What to produce
Without any of its pictures, the listing below should be output exactly.

Input data
+===+
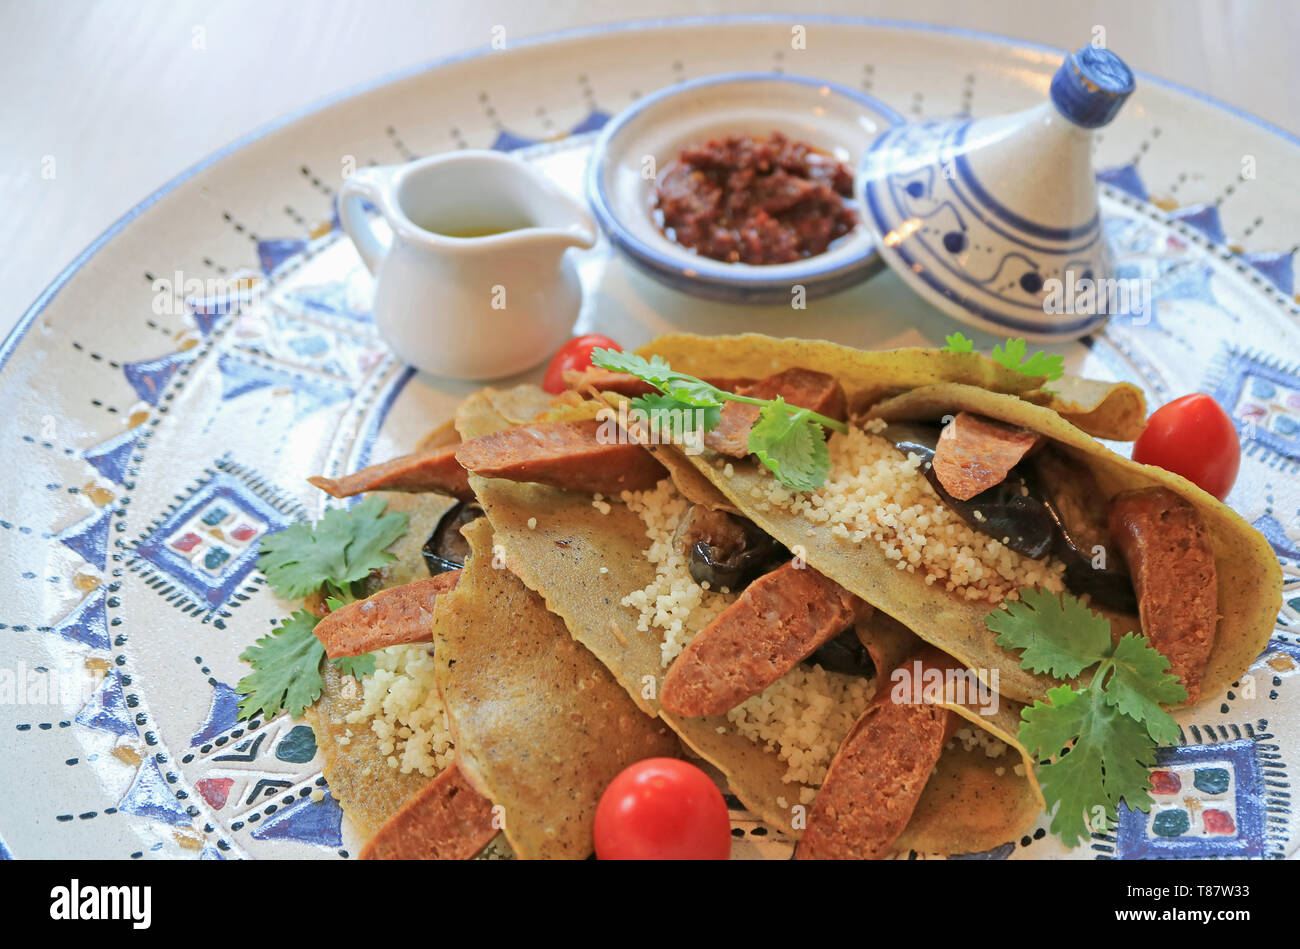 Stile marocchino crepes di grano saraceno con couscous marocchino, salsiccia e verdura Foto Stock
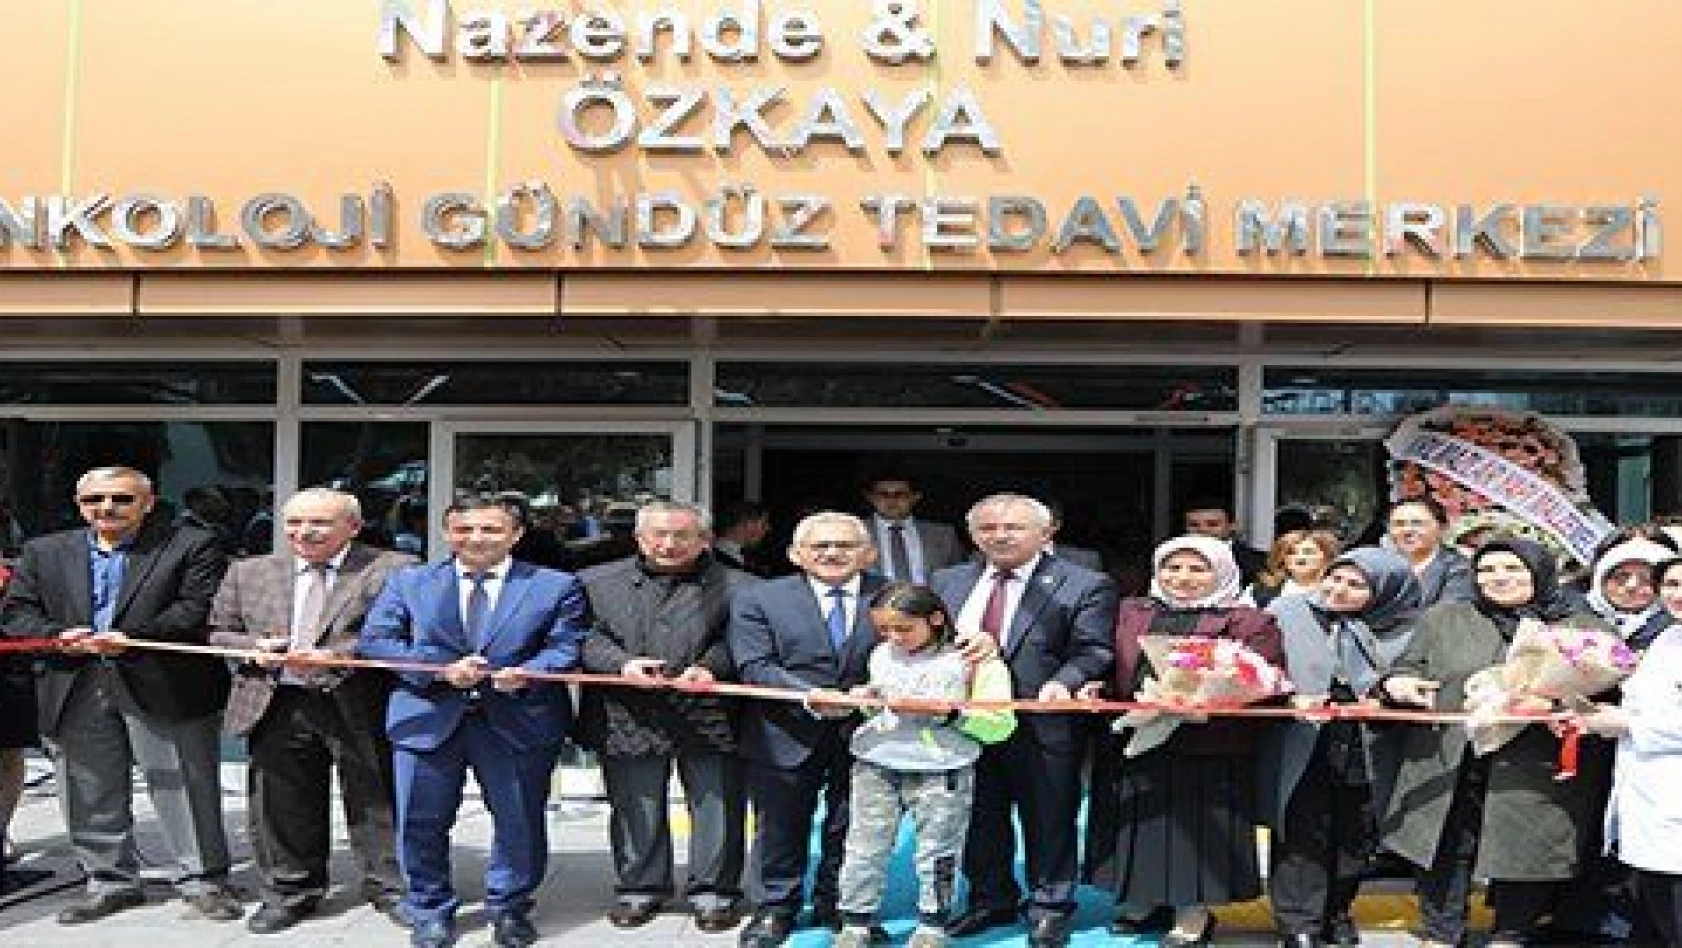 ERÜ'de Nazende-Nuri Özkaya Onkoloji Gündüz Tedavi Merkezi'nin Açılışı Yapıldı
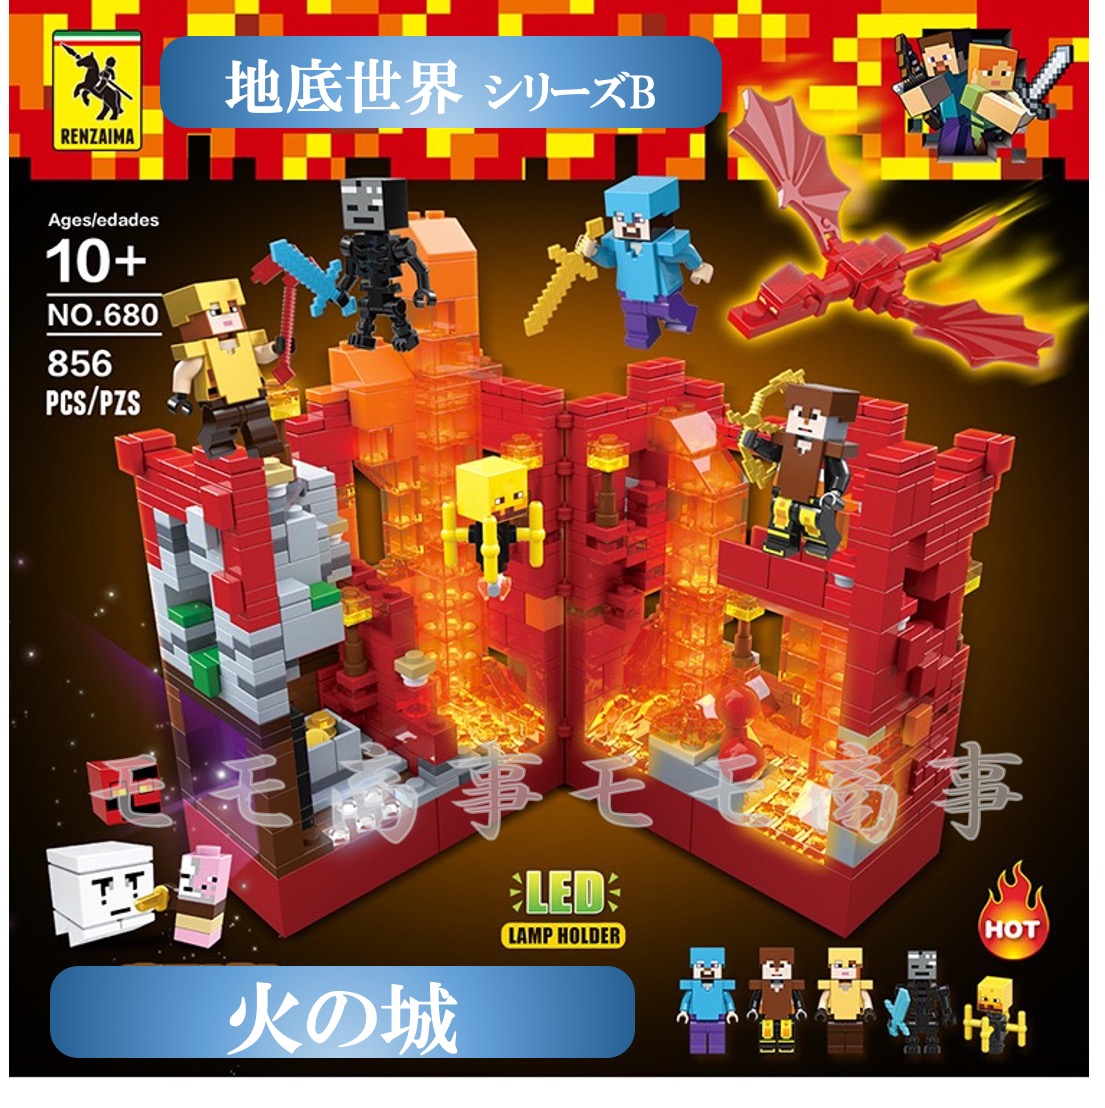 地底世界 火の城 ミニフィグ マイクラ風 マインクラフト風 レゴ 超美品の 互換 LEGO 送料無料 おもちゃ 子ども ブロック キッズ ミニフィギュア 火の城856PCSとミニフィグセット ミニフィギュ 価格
+===+
Solution
 Stile marocchino crepes di grano saraceno con couscous marocchino, salsiccia e verdura Foto Stock
 ERÜ'de Nazende-Nuri Özkaya Onkoloji Gündüz Tedavi Merkezi'nin Açılışı Yapıldı
 地底世界 火の城 ミニフィグ マイクラ風 マインクラフト風 レゴ 超美品の 互換 LEGO 送料無料 おもちゃ 子ども ブロック キッズ ミニフィギュア 火の城856PCSとミニフィグセット ミニフィギュ 価格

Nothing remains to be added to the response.